Work to complete: Write out exactly, and only, the lines below from the line with "543 SE 37th" through the line with "Is HappyFresh worth your money"; pictures do not belong in the copy.

Dataset:
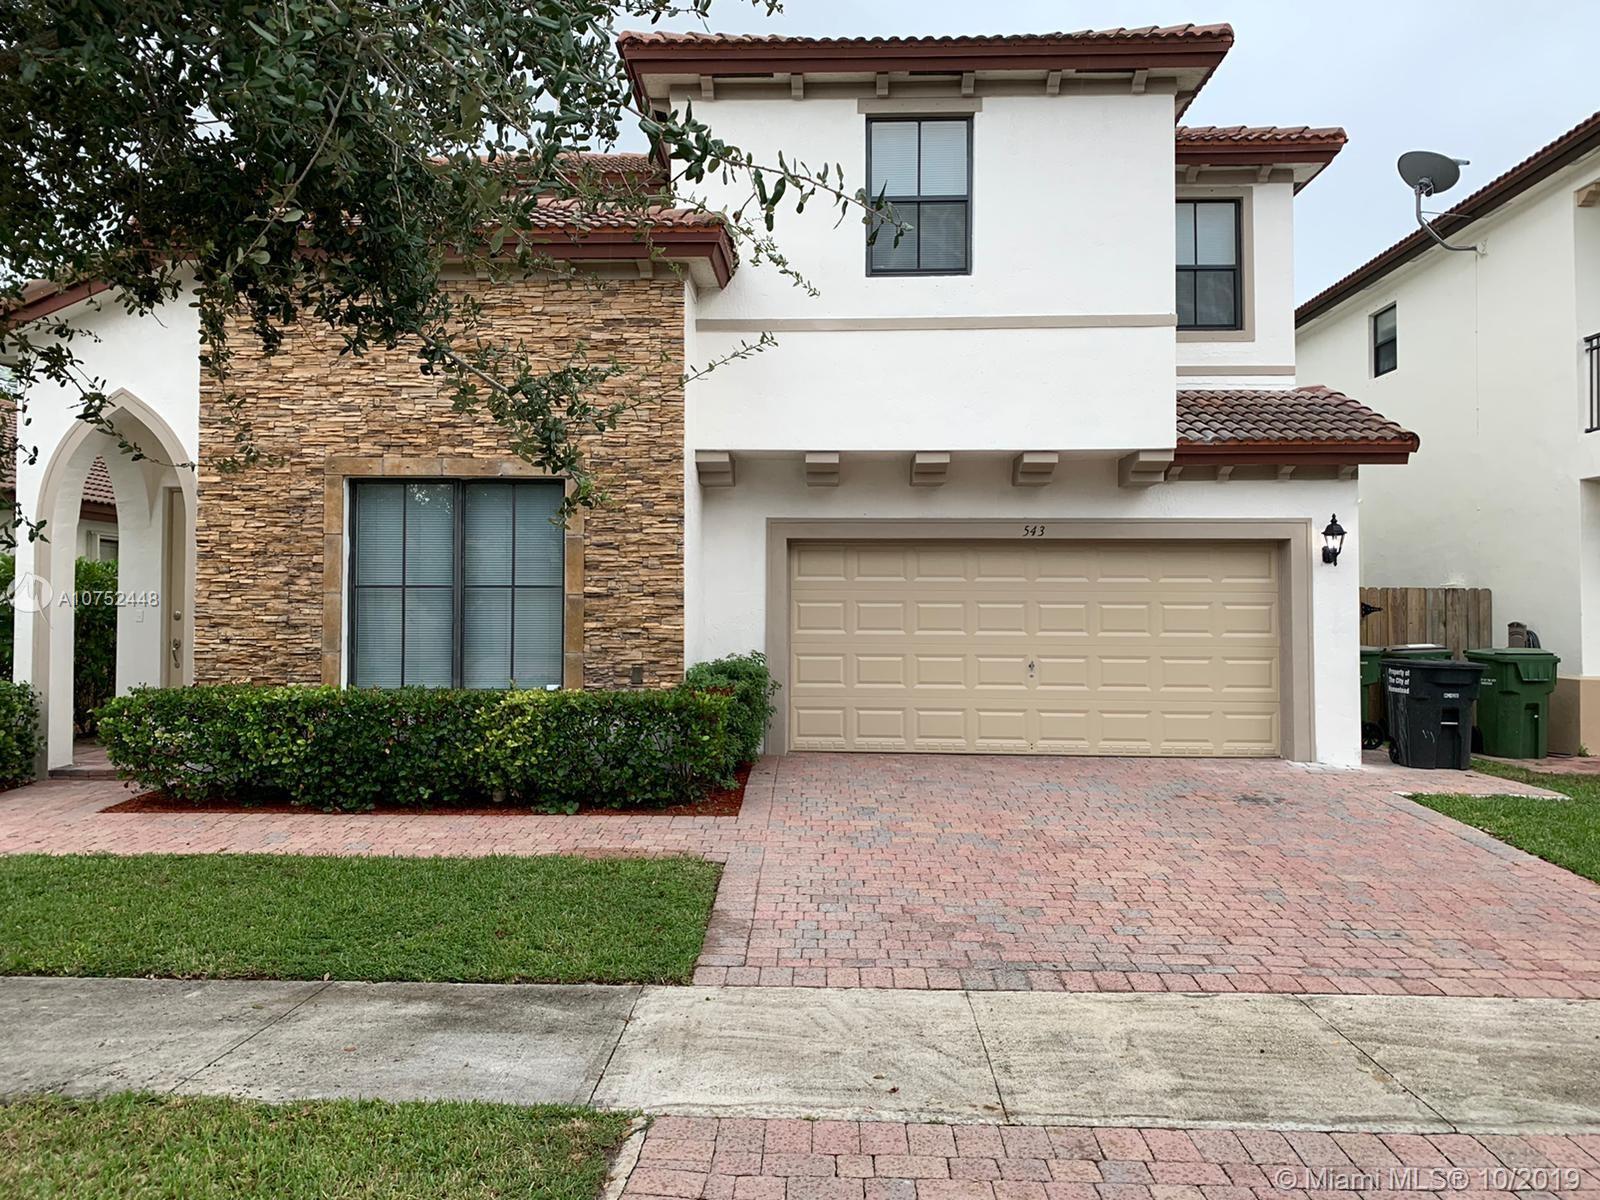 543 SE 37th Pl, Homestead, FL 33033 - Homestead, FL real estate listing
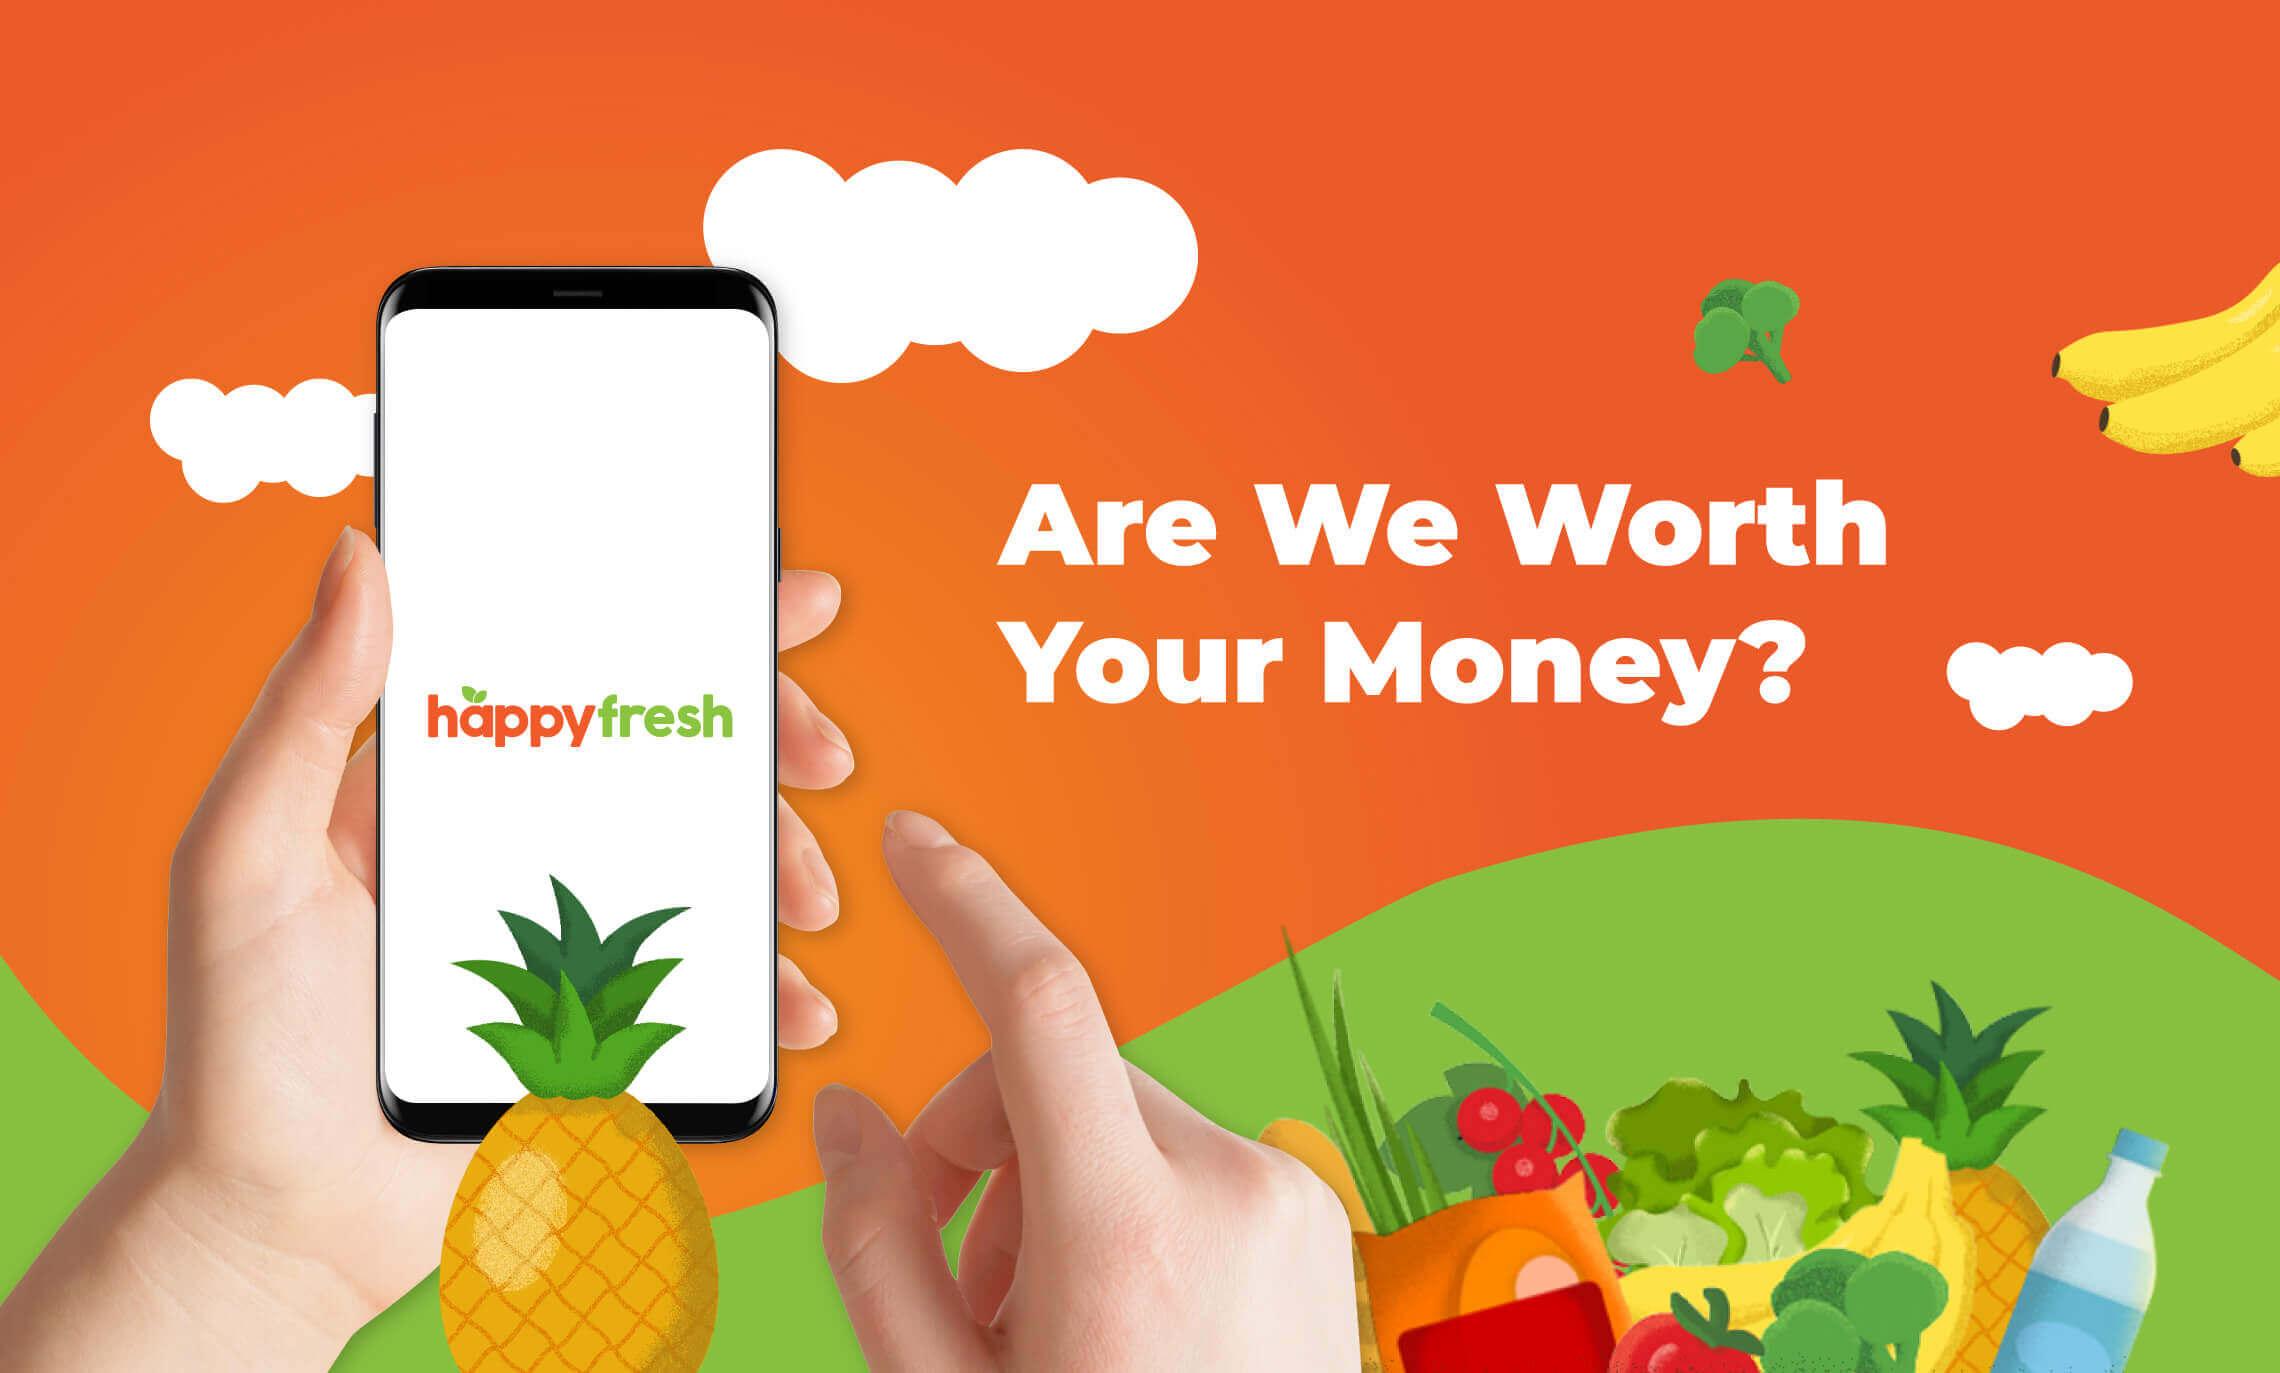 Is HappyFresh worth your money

--

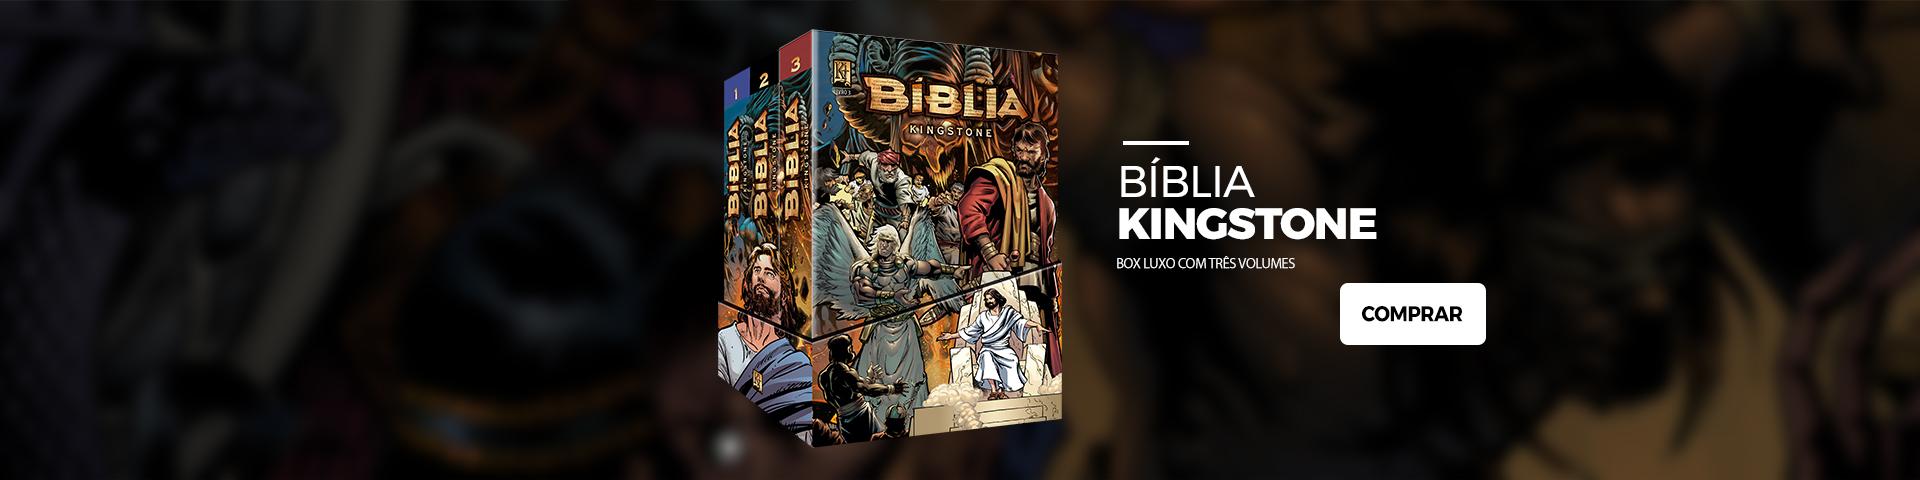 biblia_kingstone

==

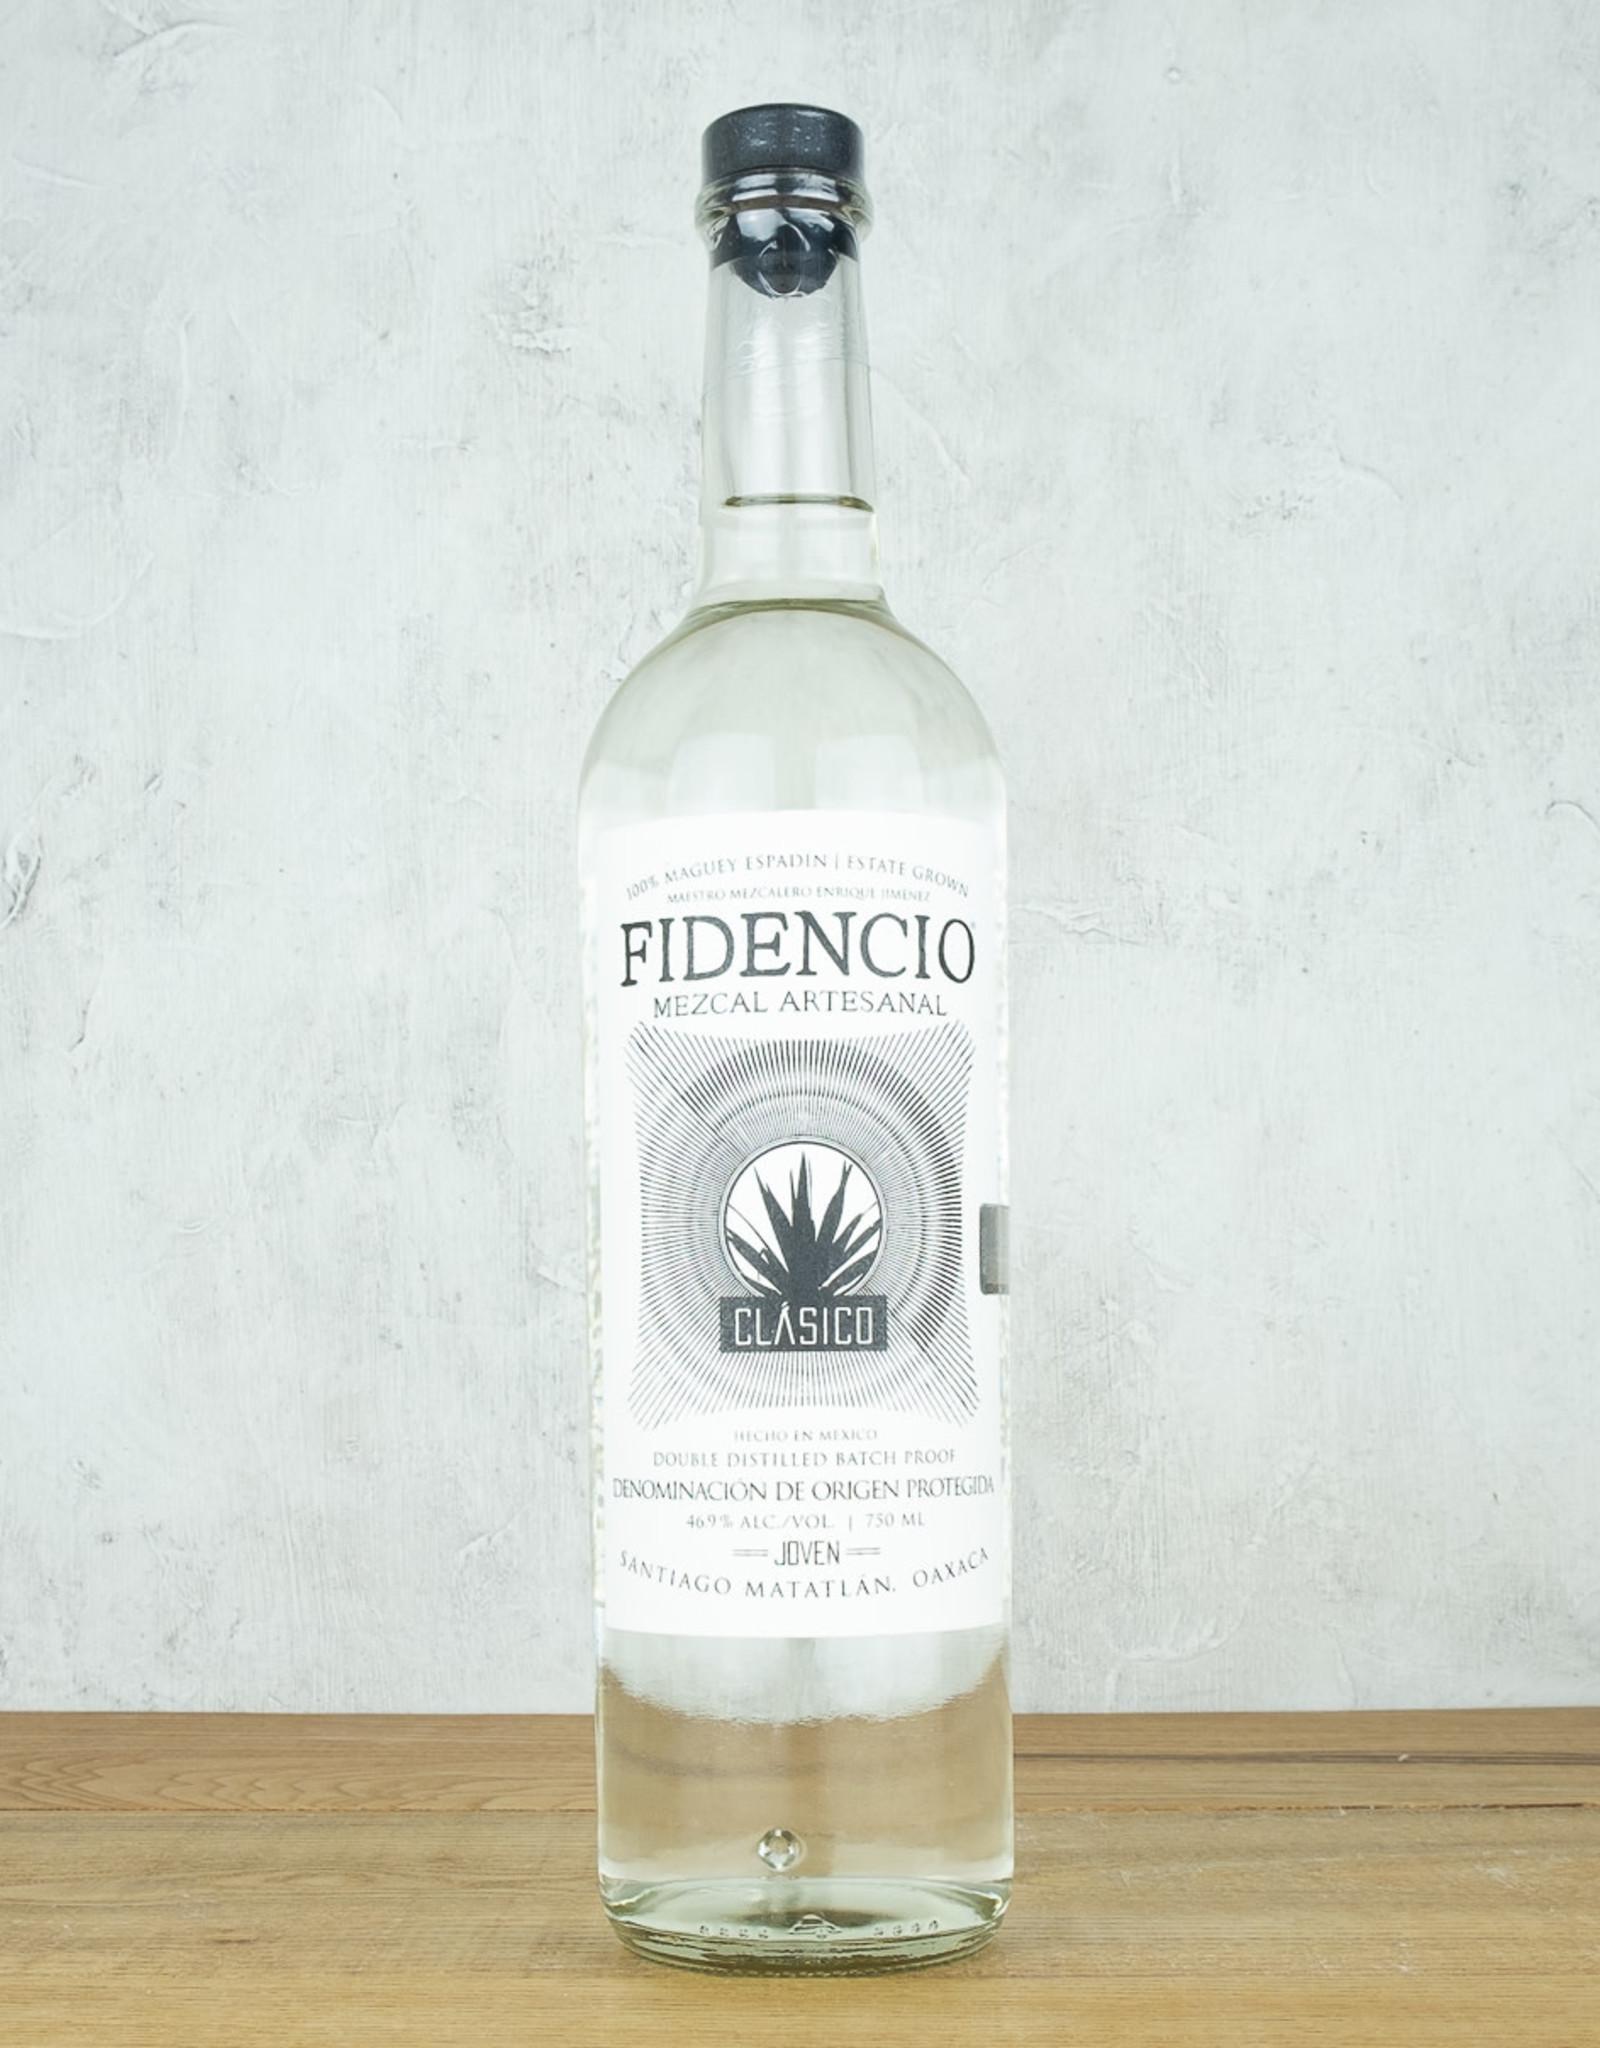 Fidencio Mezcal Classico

Result:
 543 SE 37th Pl, Homestead, FL 33033 - Homestead, FL real estate listing
 Is HappyFresh worth your money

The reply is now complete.